YOUR INSTRUCTIONS
The answer is the line that contains "Abercrombie's Curve Love" followed by every later line of the entries below, each repeated exactly, and nothing else.

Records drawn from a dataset
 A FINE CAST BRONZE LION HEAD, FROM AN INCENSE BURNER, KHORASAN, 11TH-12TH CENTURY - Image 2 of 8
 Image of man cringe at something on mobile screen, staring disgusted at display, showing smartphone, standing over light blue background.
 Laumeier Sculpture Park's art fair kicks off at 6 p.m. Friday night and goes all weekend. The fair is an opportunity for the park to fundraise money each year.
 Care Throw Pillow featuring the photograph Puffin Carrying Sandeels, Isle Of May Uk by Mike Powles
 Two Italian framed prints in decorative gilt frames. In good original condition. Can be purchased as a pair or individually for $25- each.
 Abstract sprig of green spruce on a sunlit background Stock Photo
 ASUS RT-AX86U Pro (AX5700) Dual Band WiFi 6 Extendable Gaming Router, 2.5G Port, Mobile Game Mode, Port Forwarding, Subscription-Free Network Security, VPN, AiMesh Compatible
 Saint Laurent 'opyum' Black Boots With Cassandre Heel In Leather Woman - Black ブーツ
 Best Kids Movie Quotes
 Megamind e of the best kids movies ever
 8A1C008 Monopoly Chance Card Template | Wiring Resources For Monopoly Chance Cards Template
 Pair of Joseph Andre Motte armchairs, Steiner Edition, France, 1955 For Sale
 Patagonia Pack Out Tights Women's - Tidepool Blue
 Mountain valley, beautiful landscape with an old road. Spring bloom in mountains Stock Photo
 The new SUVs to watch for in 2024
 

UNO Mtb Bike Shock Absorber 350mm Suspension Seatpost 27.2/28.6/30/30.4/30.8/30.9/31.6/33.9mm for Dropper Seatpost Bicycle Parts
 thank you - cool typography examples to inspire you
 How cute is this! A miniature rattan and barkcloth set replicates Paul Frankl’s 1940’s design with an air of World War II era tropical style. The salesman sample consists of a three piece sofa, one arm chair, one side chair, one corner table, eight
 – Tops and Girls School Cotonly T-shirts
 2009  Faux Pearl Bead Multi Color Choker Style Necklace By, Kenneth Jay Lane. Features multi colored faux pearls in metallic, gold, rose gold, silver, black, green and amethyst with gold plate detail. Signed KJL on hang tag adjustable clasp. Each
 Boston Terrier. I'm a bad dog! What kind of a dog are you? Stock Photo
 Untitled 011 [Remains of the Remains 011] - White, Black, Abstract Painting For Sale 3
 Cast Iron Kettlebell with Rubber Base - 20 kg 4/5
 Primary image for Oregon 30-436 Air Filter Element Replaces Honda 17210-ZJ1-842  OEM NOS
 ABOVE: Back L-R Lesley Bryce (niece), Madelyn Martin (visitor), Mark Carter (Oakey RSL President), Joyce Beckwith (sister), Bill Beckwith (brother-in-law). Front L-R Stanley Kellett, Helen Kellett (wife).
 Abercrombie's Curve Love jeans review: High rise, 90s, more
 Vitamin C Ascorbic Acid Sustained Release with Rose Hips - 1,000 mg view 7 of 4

TASK SOLUTION
 Abercrombie's Curve Love jeans review: High rise, 90s, more
 Vitamin C Ascorbic Acid Sustained Release with Rose Hips - 1,000 mg view 7 of 4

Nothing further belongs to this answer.